• Collected data:
'''

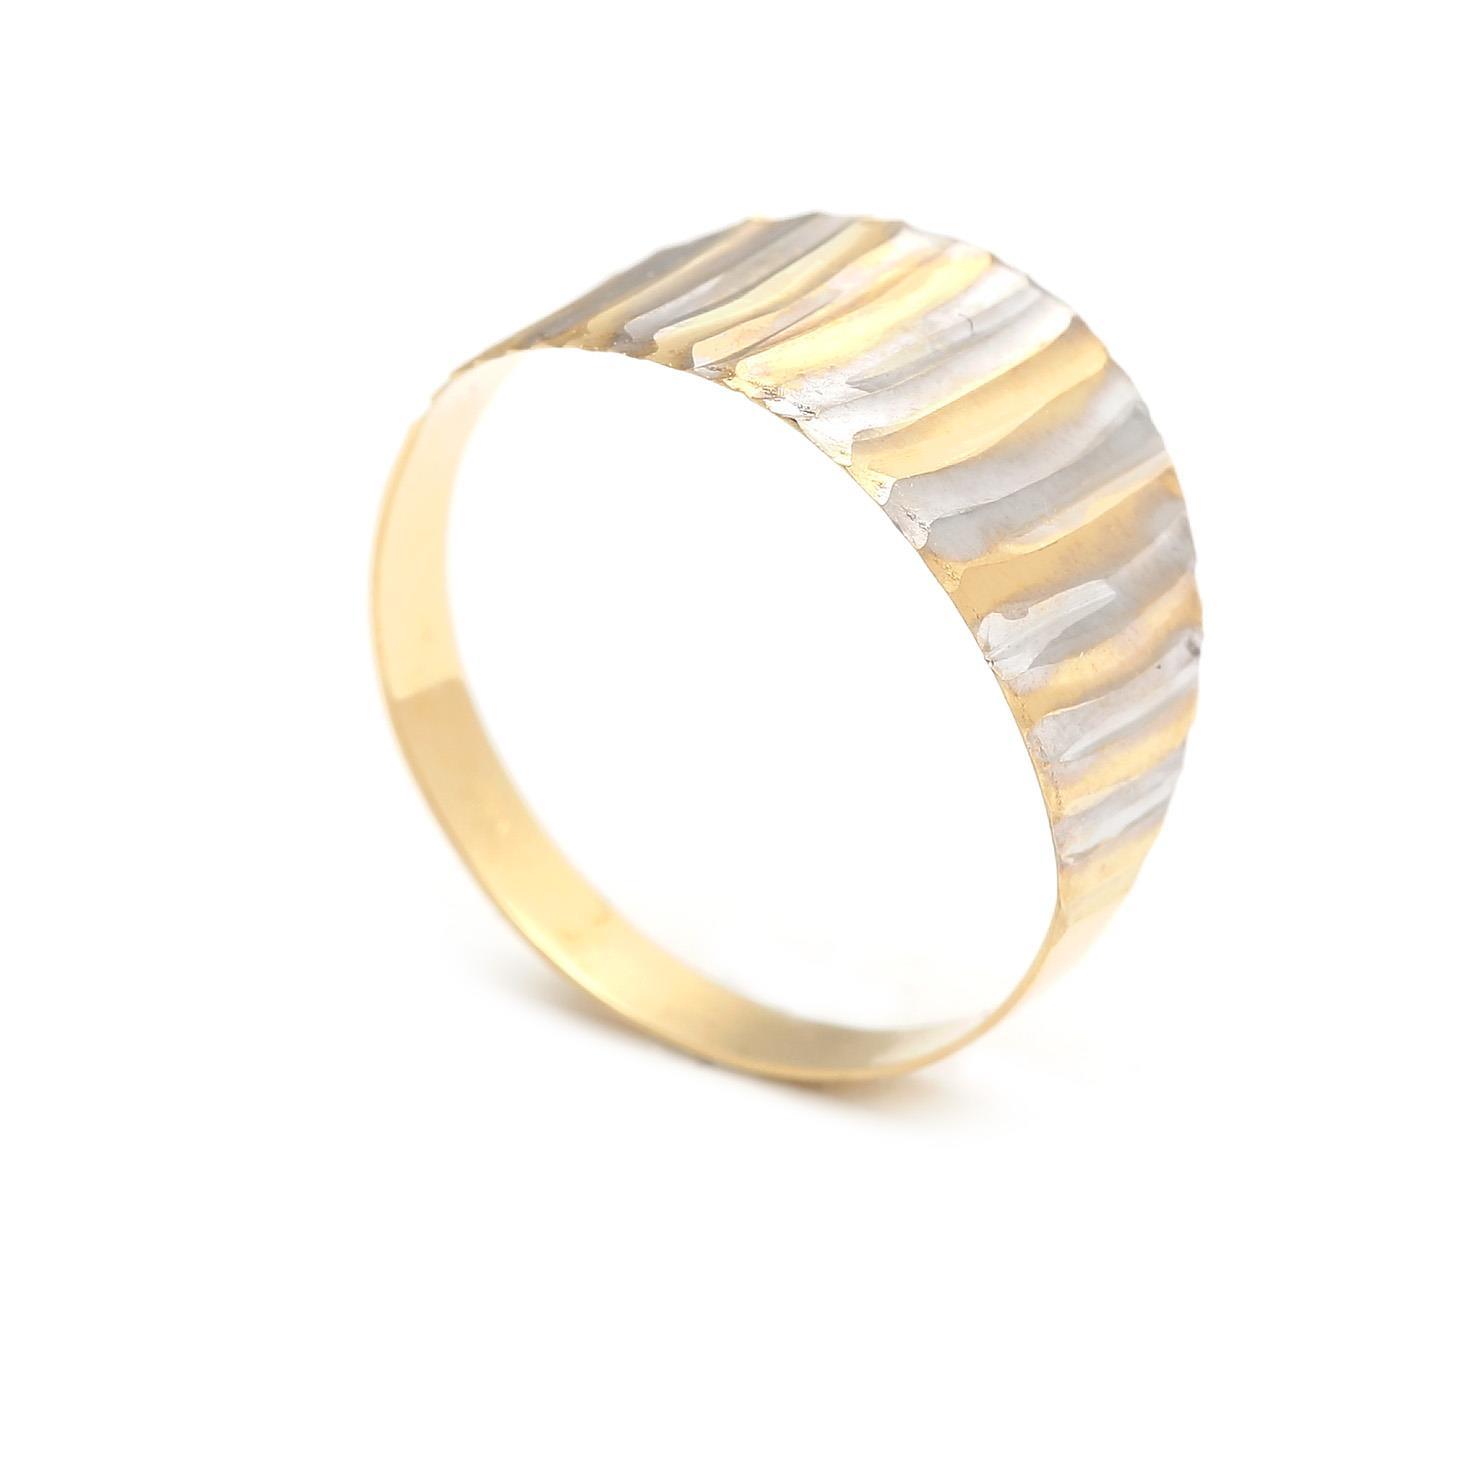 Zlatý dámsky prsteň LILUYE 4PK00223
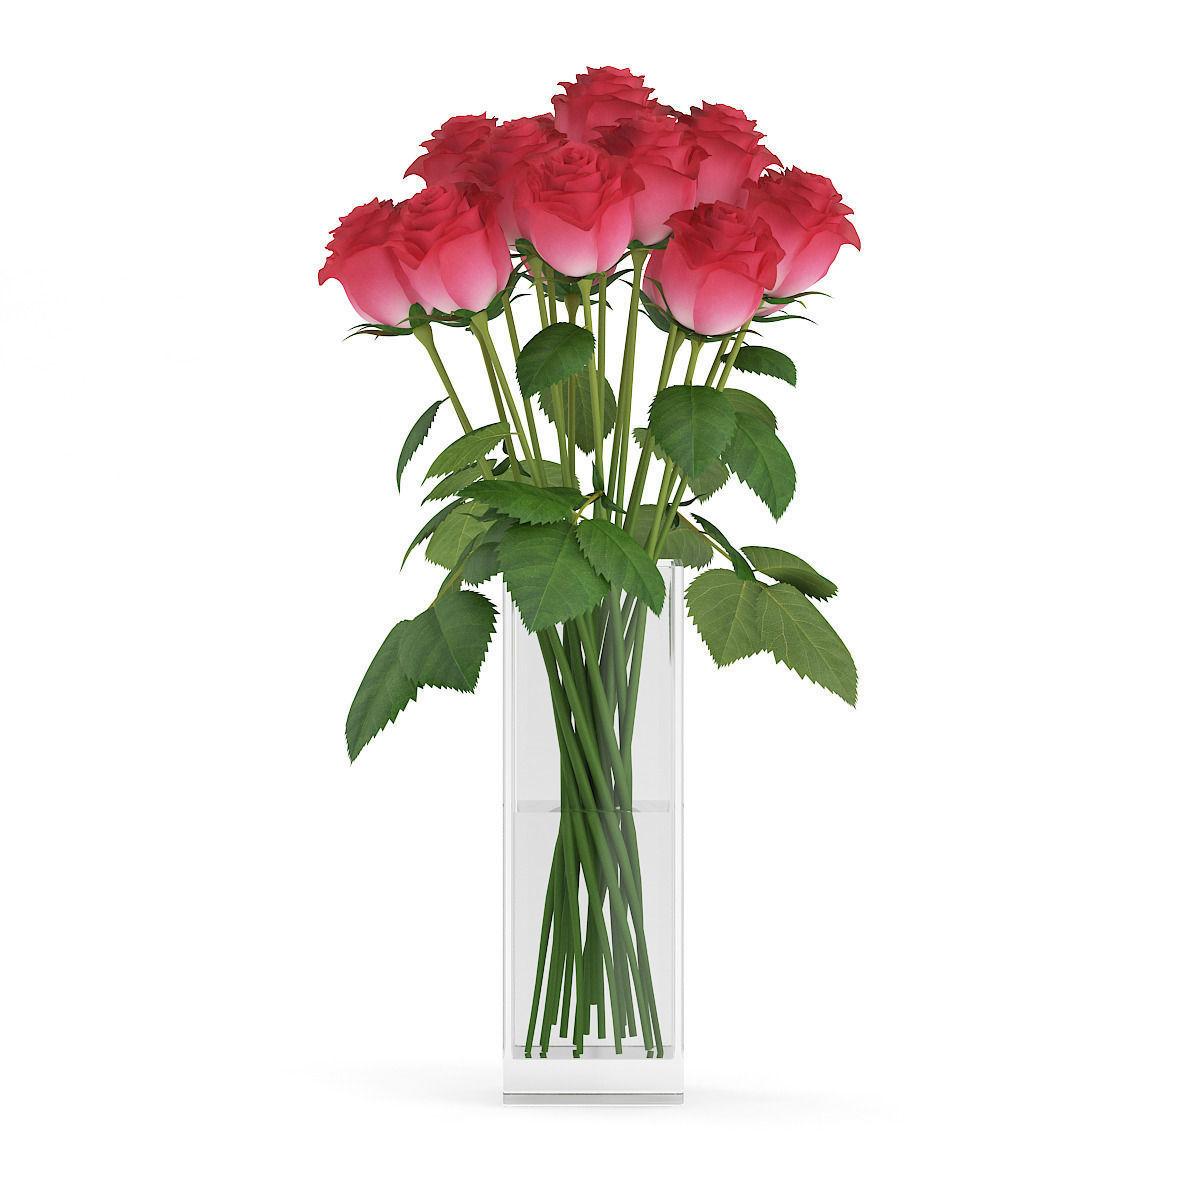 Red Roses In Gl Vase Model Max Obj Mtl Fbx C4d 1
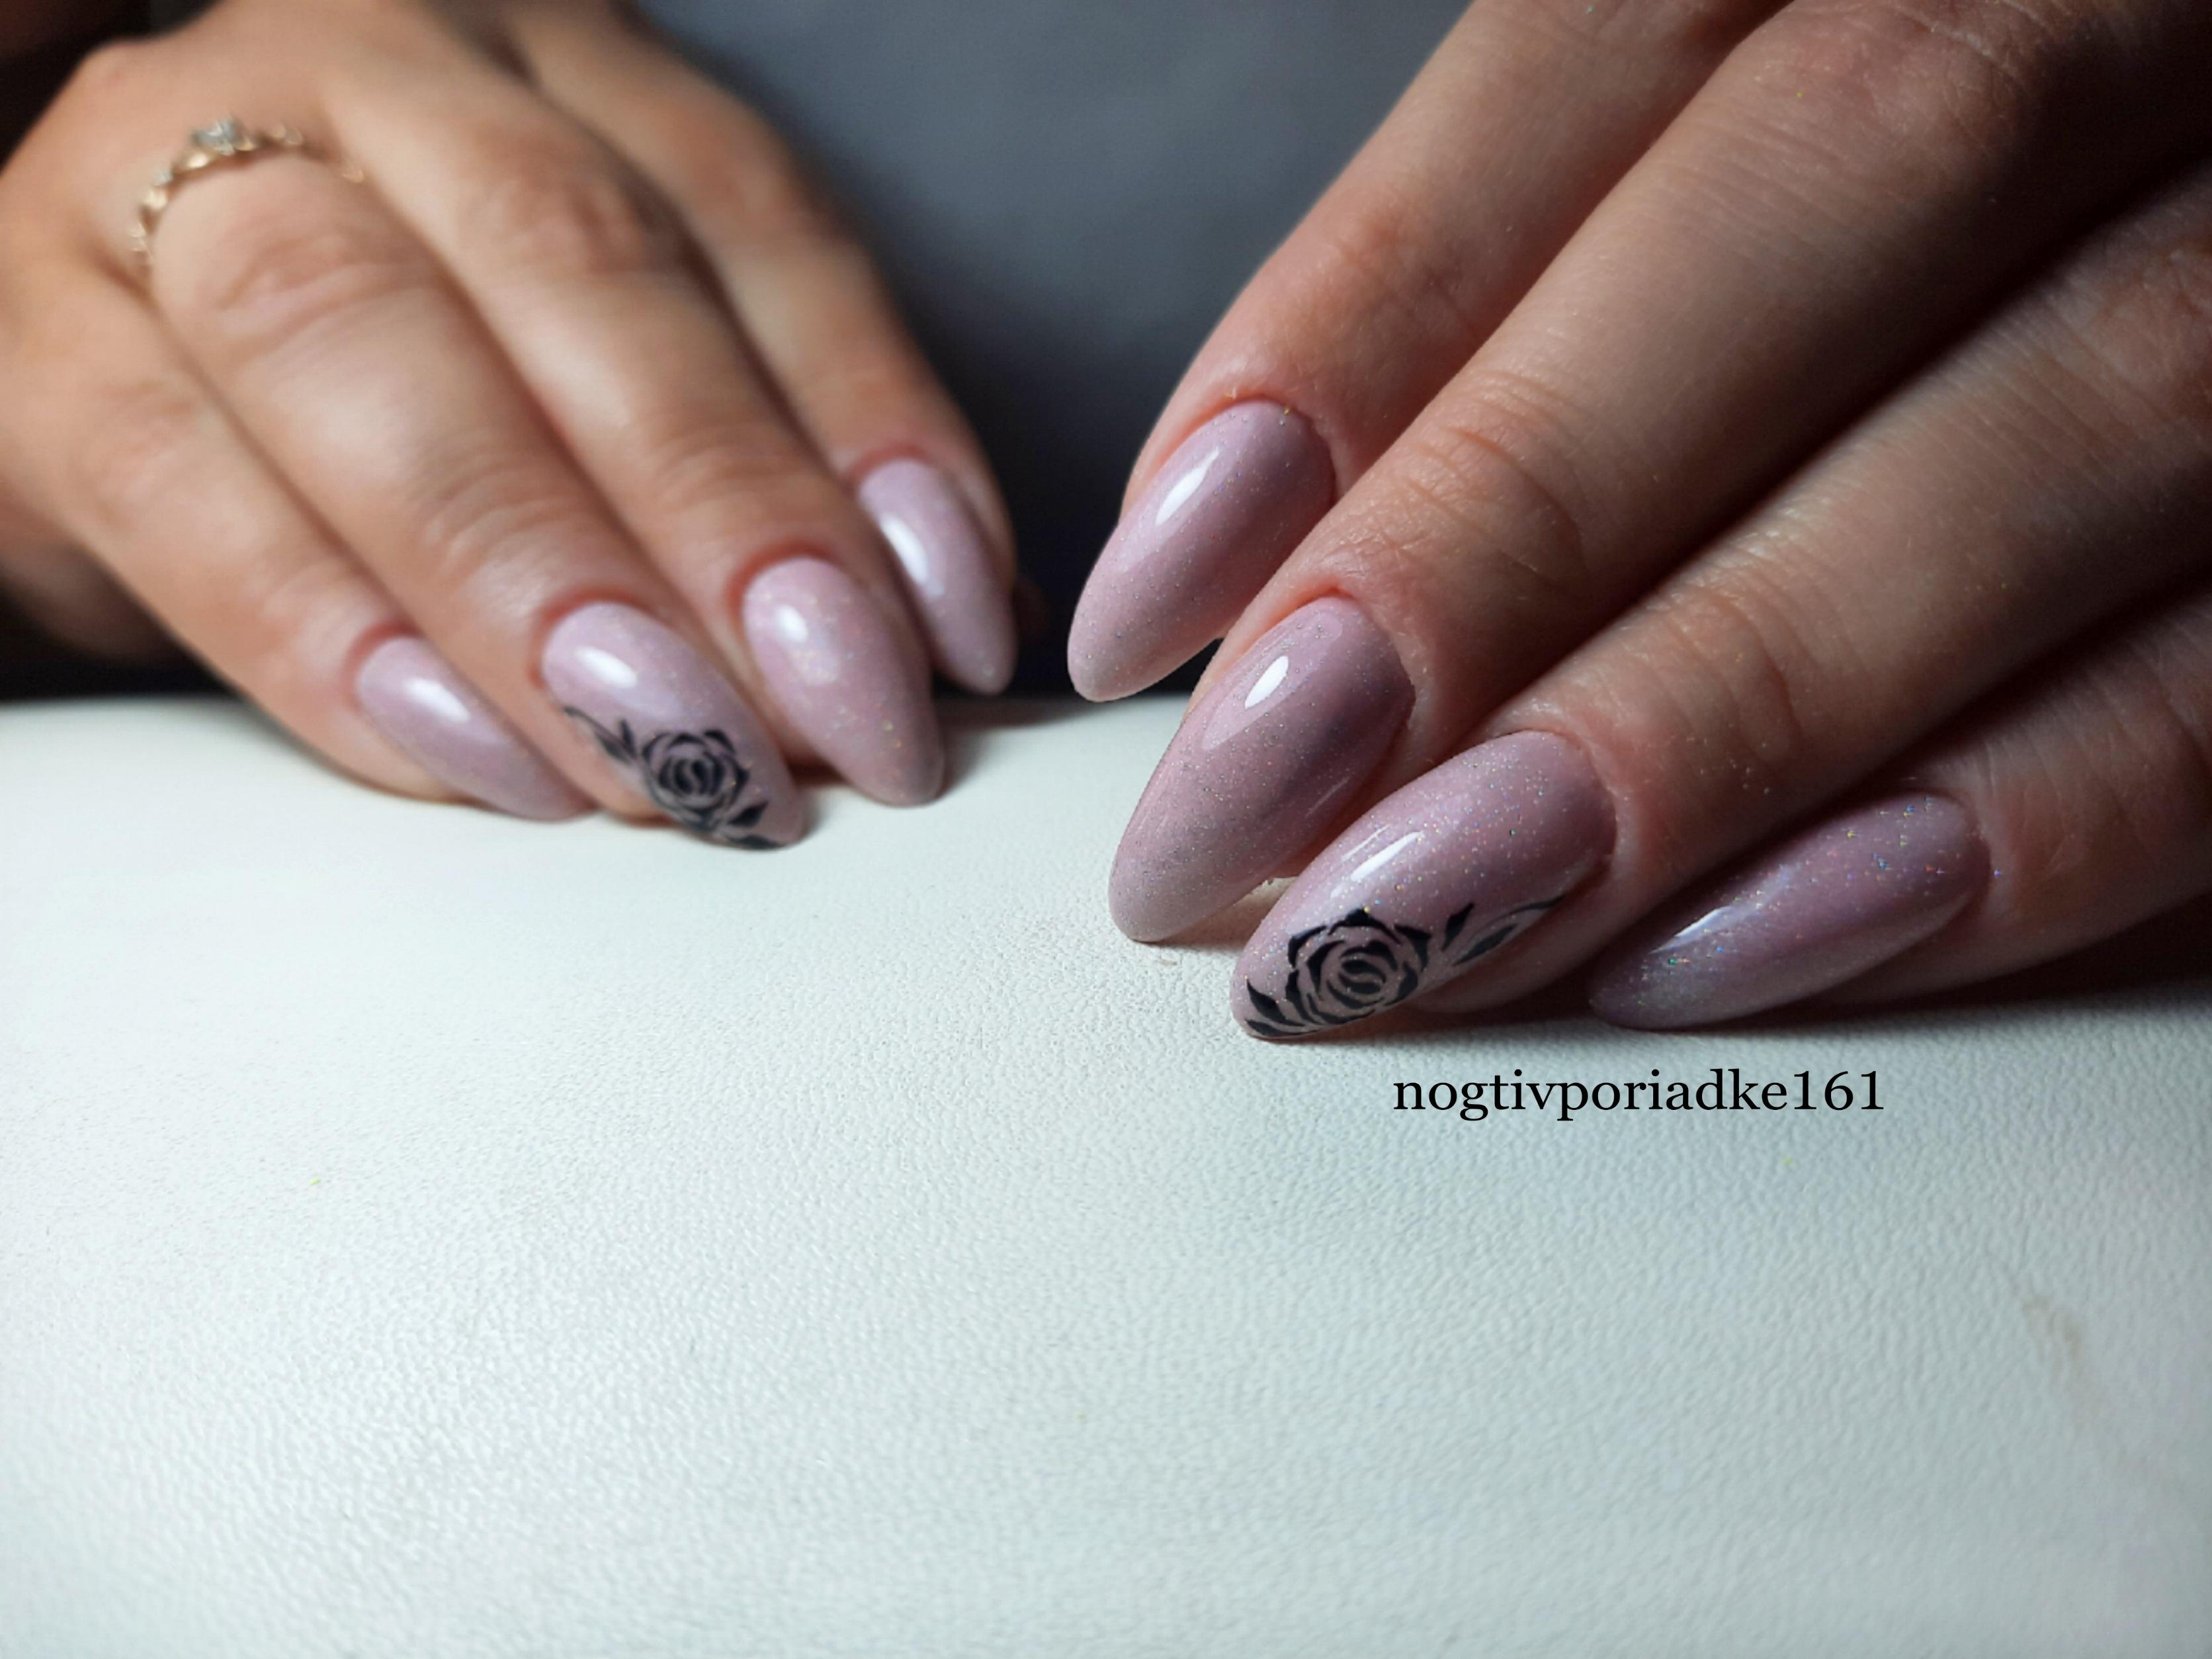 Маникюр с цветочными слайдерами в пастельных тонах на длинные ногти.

'''

• Task instructions:
A faithful copy of the data is required: each word kept, each picture omitted.

• Exercise answer:
 Zlatý dámsky prsteň LILUYE 4PK00223
 Red Roses In Gl Vase Model Max Obj Mtl Fbx C4d 1
 Маникюр с цветочными слайдерами в пастельных тонах на длинные ногти.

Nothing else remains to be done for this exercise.